It’s odd, living in a remote, predominantly Mormon town, and seeing the local items that draw national attention.
Today, it’s this. I draw your attention to the following part:
Parents and faculty members had asked police to bring a K-9 to the scene before the bus departed to check students' bags for drugs.
Who was on the bus?
About 100 students from Canyon View High School in southern Utah had just graduated Thursday night and boarded the charter bus for their senior trip …
Where were they going?
… A bus full of recent Utah high school graduates headed to Disneyland …
Here’s what I wonder.
- Was there probably cause? If so, why wasn’t it mentioned?
- No doubt parents had to sign permission slips. Were they informed that this included submitting their kids to a search with dogs?
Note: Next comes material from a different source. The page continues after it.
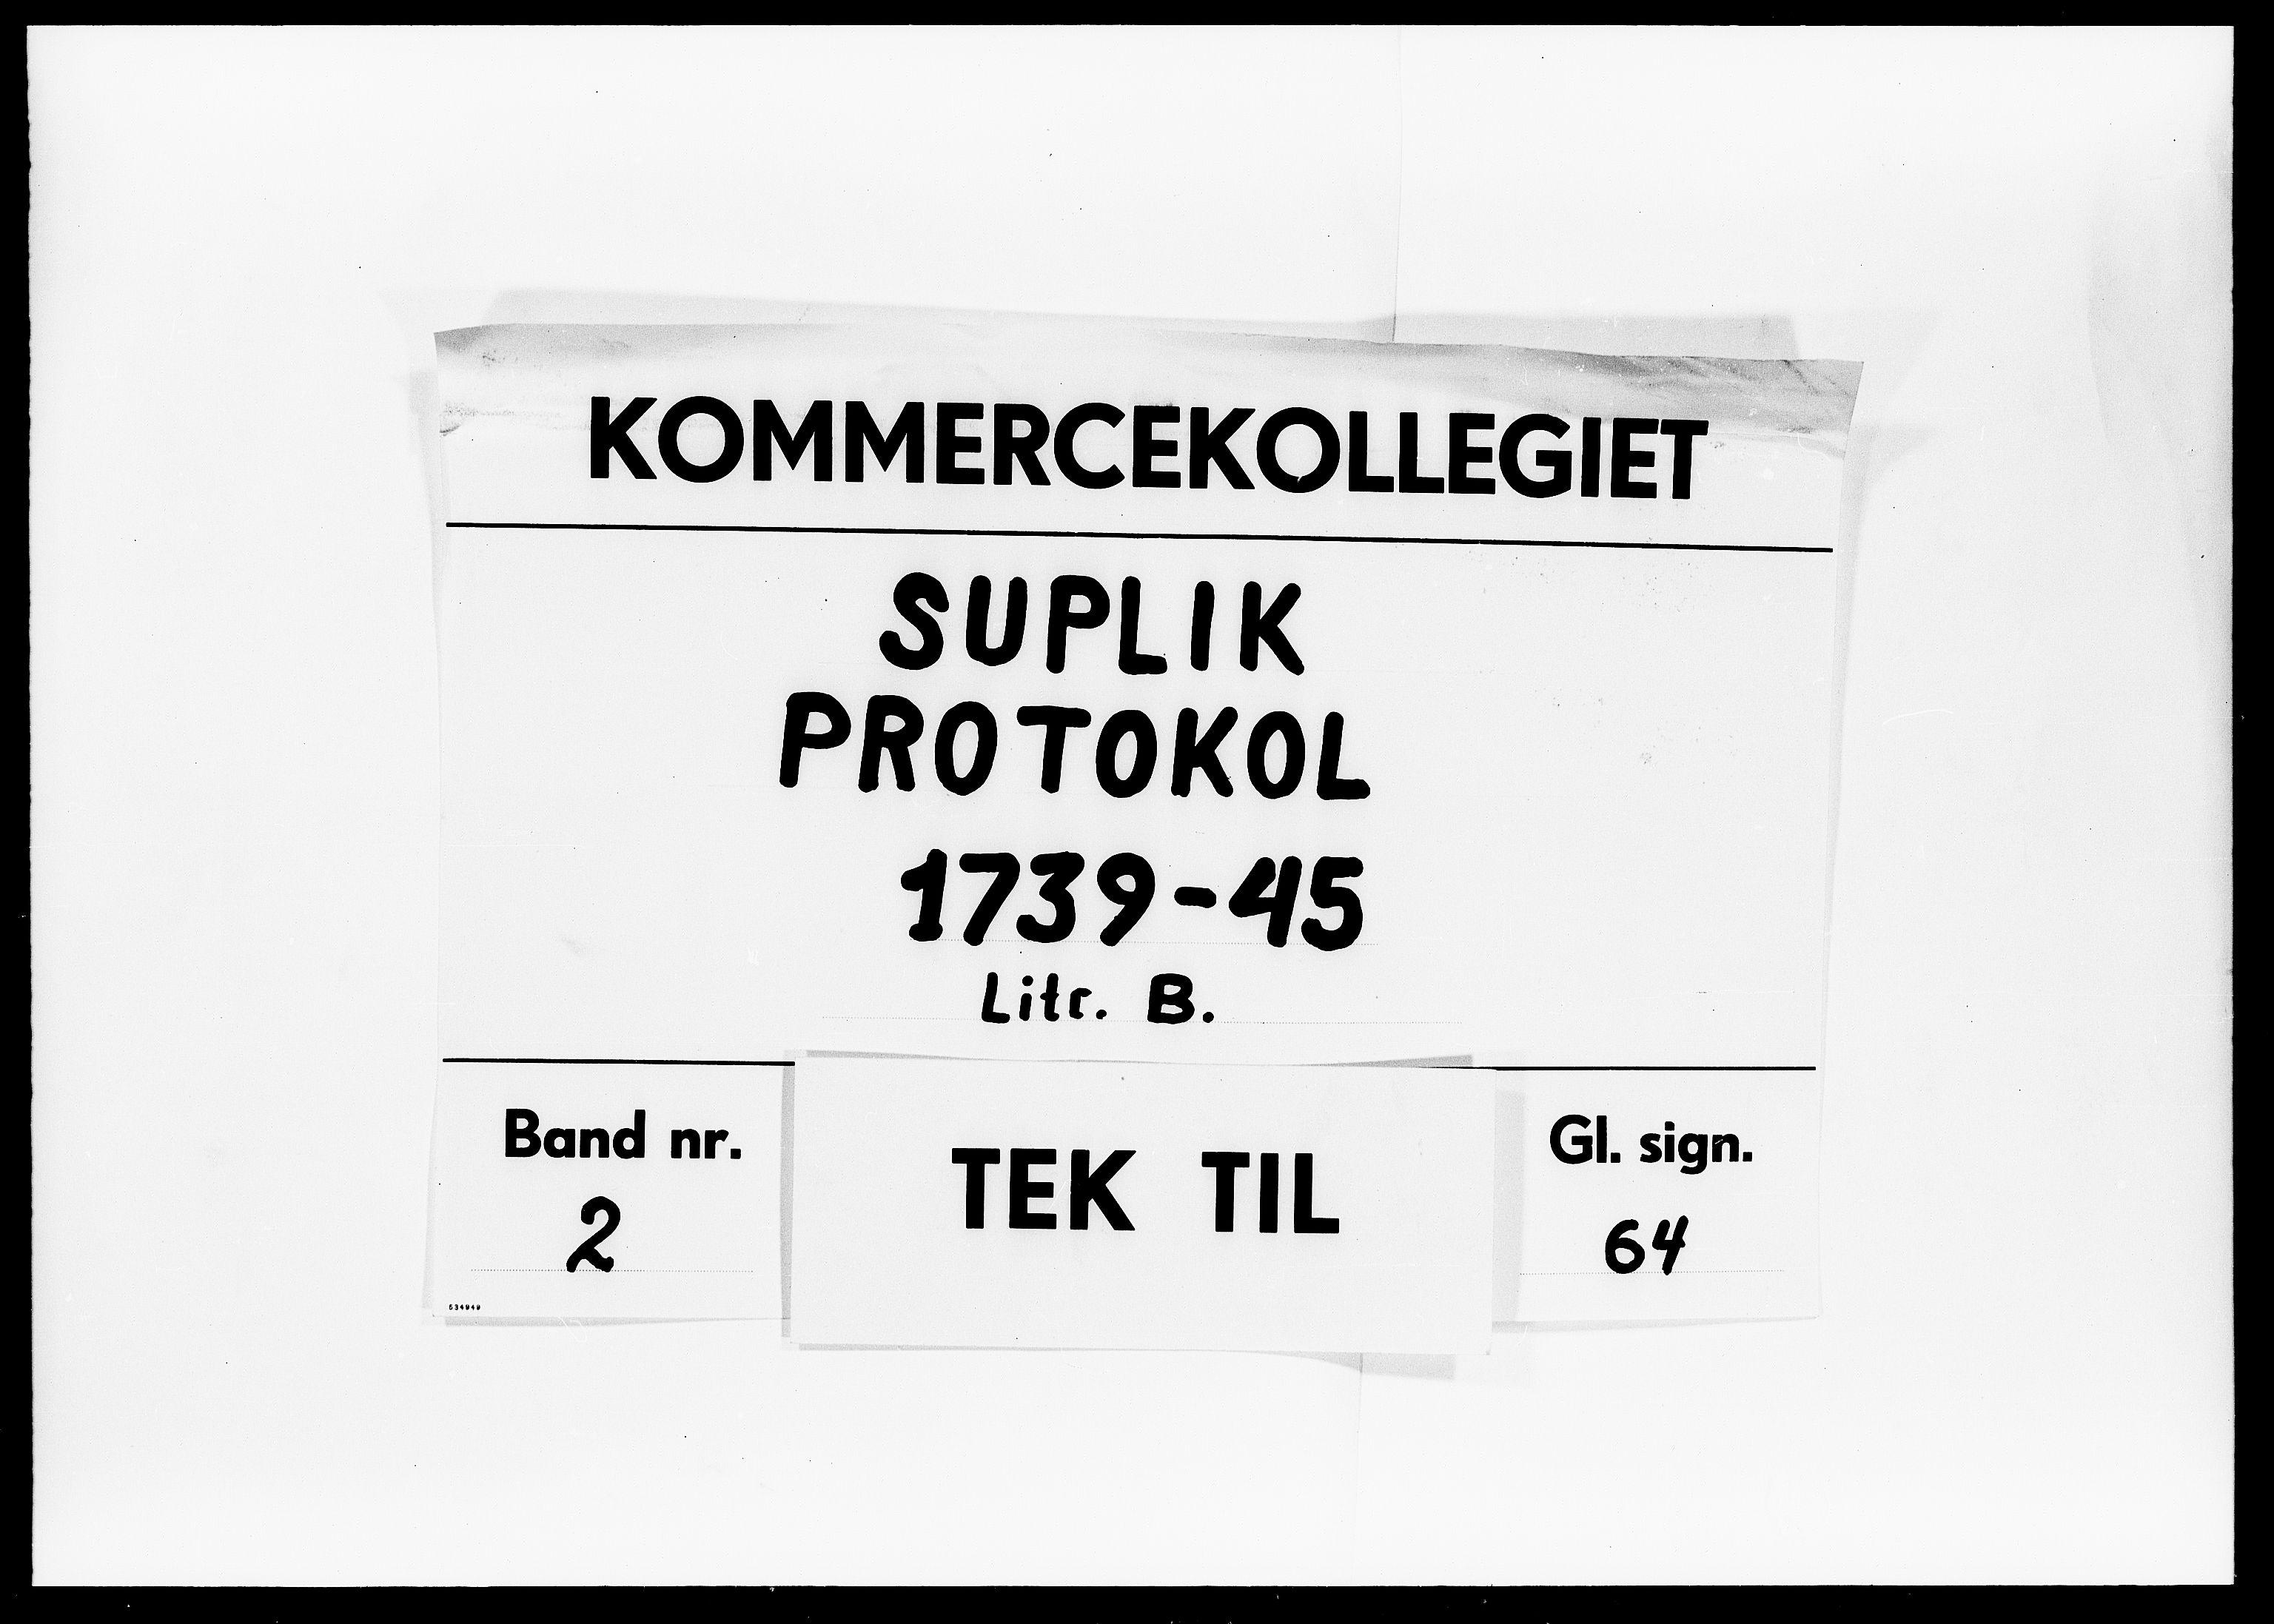 DRA, Kommercekollegiet, Dansk-Norske Sekretariat, -/32: Suplik Protokol B, 1739-1745

I’m all for parents policing the actions of their children, and schools avoiding legal liability. But, bringing the government in to do this under these circumstances violated the spirit of the First and Fourth Amendments.*
Also, what does this say about local students? About 80% are LDS. In this area, those who are not LDS are often immigrants who are unlikely to be able to afford a school trip. They were going to Disneyland. Have our moral borderlines shifted so far that we don’t see a problem presuming that a group of predominantly well-off Mormon kids going to Disneyland are violating the law?
Oh yeah … and who do you think they caught? The bus driver (queue Simpsons’ joke) … the local paper contained no reports of kids having drugs (although with Utah leading the nation in prescription drug abuse, this is kind of surprising). No kudos to the legacy media, who decided the most interesting thing about this event is that a bus driver was caught.
* The First Amendment reads: Congress shall make no law respecting an establishment of religion, or prohibiting the free exercise thereof; or abridging the freedom of speech, or of the press; or the right of the people peaceably to assemble, and to petition the Government for a redress of grievances. So, technically this would only be a violation if Congress passed a law saying that assembling for a school trip to Disneyland was a problem, thus a violation in spirit.
The Fourth Amendment reads: The right of the people to be secure in their persons, houses, papers, and effects, against unreasonable searches and seizures, shall not be violated, and no Warrants shall issue, but upon probable cause, supported by Oath or affirmation, and particularly describing the place to be searched, and the persons or things to be seized. I’m not sure that this case doesn’t go beyond a violation in spirit to just a plain violation. Is it unreasonable for parents and teachers to ask the police to use dogs to search a bus full of kids without probable cause (other than they’re teenagers, and there’s a high probability of finding something)? I would say no.